Project Description

An actual problem in the field of eSports competitions deals with analysis of athlete when he playing a game, particularly shooters like Counter-Strike (CS:GO). The subject of interest is the behavior of player, and his skills, the dependences and/or causalities between different player characteristics. For example, we can study the relations between emotions and scores in the game, or between some biometric characteristics and the level of his skills.

The data obtained from player can be multimodal, i.e. can include the information from both different biometric sensors and the history (or log) of game events. We can consider sensors such as mouse and keyboard, eye-tracker, ECG, EMG, accelerometers (on fingers or hand), video cameras, microphones (speech and team communication study) as well as psychological questionnaires.

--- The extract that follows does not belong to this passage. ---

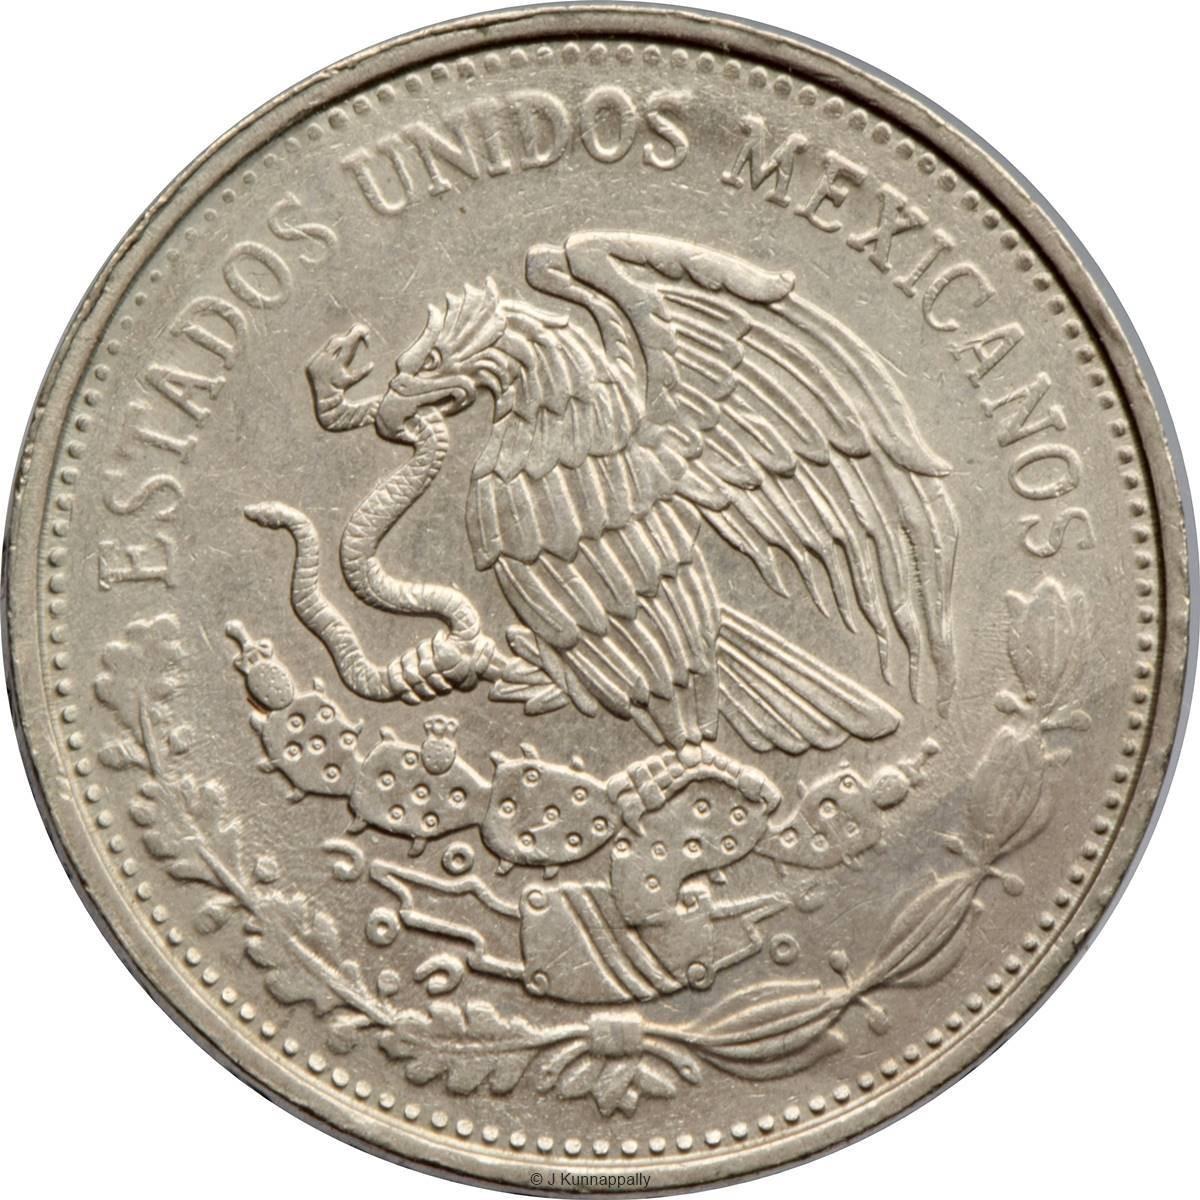 Mexico 20 Pesos (1980-1984)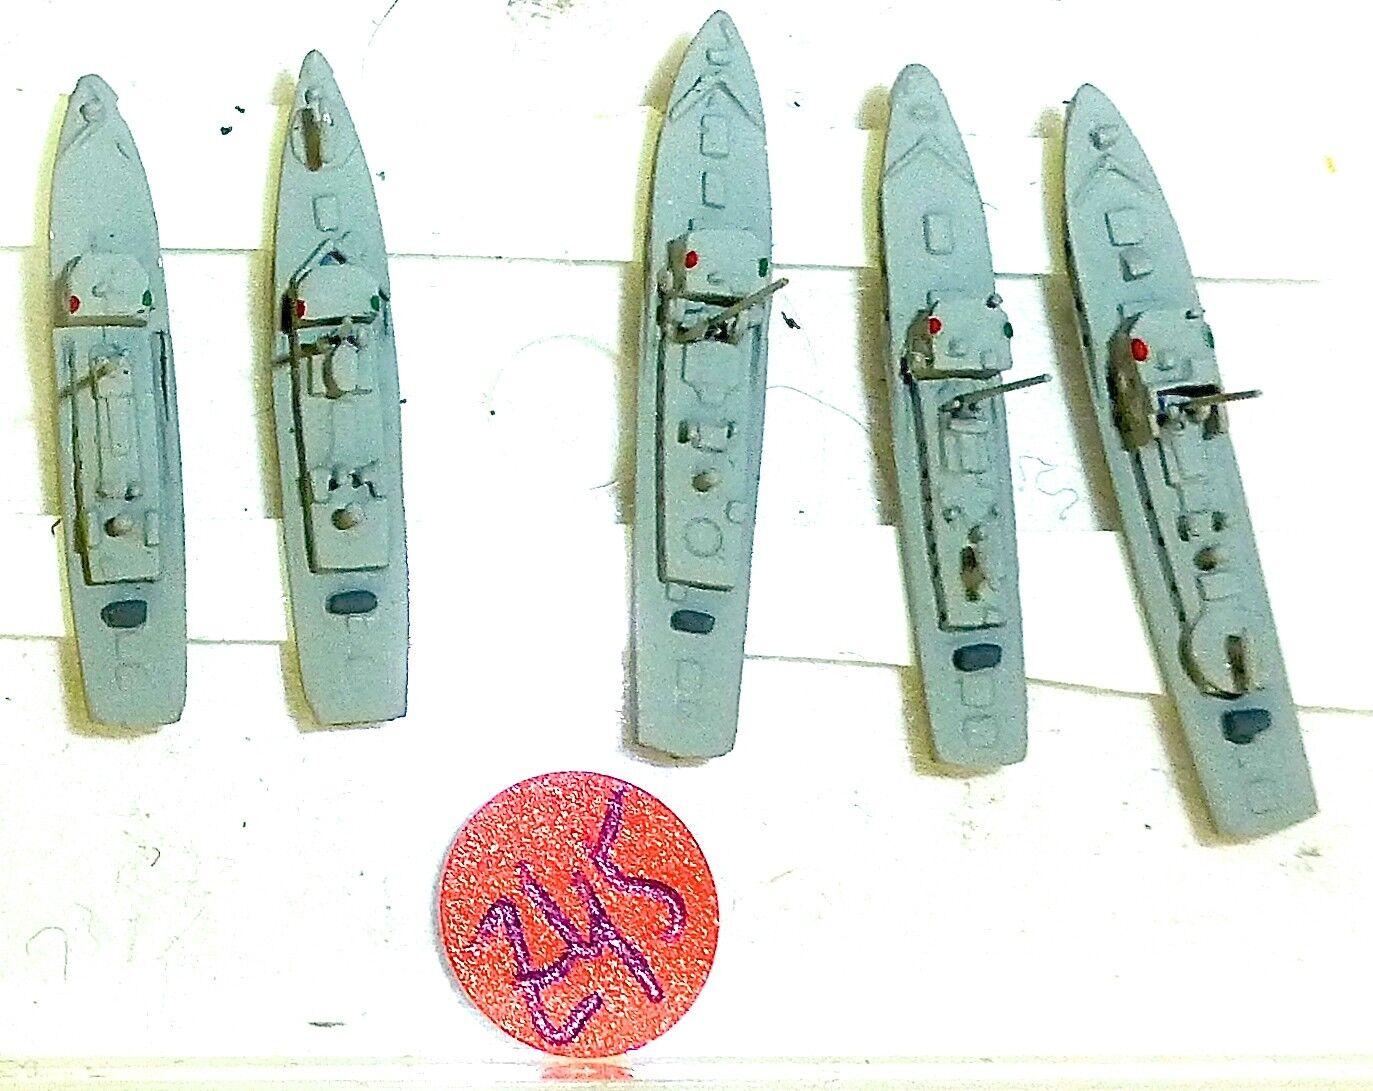 5 pcs R1M R2KM r3km r8km R9KM Ship Model 1 1250 shpz45 Å

Our upcoming goal is to build a portrait of the athlete using gameplay and sensor data, to classify him to certain type of players (as optional), and to figure out his weak points and recommendations what him to work on. It implies data preprocessing, skilful feature engineering and data modeling using Machine Learning methods.

The following tasks can be considered:

Aiming, laying and fine-tuning the sight A particular interest is paid to the mouse movement and the time before fire and right after start first firing in the shooter game. Usually, a player moves a mouse when aiming the gun, then start firing, and then aiming to the enemy more precisely i.e. making fine-tuning the sight and fire more and more. We need to investigate what is the nature of the skills and the manner of aiming and firing, to distinct patterns (types) of such behavior of mouse moving, time spent and their relation to the effectiveness of firing. We can study mouse, eye-tracker, other sensors if necessary and the log (.dem) of the game. We need to describe the portrait of a firing player as a set of distinctive and relevant features.

Shooting duel The task is similar to the previous one, but here we are interest in the whole duel between two players rather than only aiming time intervals. We consider only periods when one player attacks another (and so, first, we need to distinct these periods) and we study the features of player behavior during the duel: the player manner of movements, firing and so on. Also, we need to estimate player duel skills, i.e. to predict his effectiveness using gameplay (.dem) and sensor data.

Intra-command communications via speech recognition Players within the team talk with each other. They have different roles and different manners of communication. We need to distinct such types of their behavior by analysis of their speech, lets using only text at first. Also, we have to draw relations between features from speech and their player psychotypes.

Prediction of player skill from gameplay data First, we focus deep on analysis of gameplay data without any sensors, but using a perfect free dataset of game logs given from https://www.hltv.org/. The task is to describe player behavior by a set of features in order to predict player (or the whole team) skills that can be measured as kill-death ratio, or as total score, or as a common rank of the team. The manner of player motion, firing, special expedients usage (like fire from the duck pose, etc.) have to be taken into account.

References

  1. Drachen, A., Canossa, A., & Yannakakis, G., N. “Player Modeling using Self-Organization in Tomb Raider: Underworld.” In Proceedings of the IEEE Symposium on Computational Intelligence and Games. Milan, Italy, September 7-10, 2009.
  2. M. Seif El-Nasr, A. Drachen, and A. Canossa, Game Analytics: Maximizing the Value of Player Data. Springer Publishers, 2013.
  3. J. Gow, R. Baumgarten, P. Cairns, S. Colton, P. Miller. 2012. Unsupervised modeling of player style with LDA. IEEE Transactions on Computational Intelligence and AI in Games 4, 3, 152–166.
  4. D. Hooshyar, M. Yousefi and H. Lim, “A systematic review of data-driven approaches in the player modeling of educational games,” Artificial Intelligence Review, pp. 1-21, 2017
  5. D. Buckley, K. Chen, and J. Knowles, “Predicting skill from gameplay input to a first-person shooter,” in Proc. IEEE Conf. Comput. Intell. Games (CIG’13), Aug. 2013, pp. 105–112.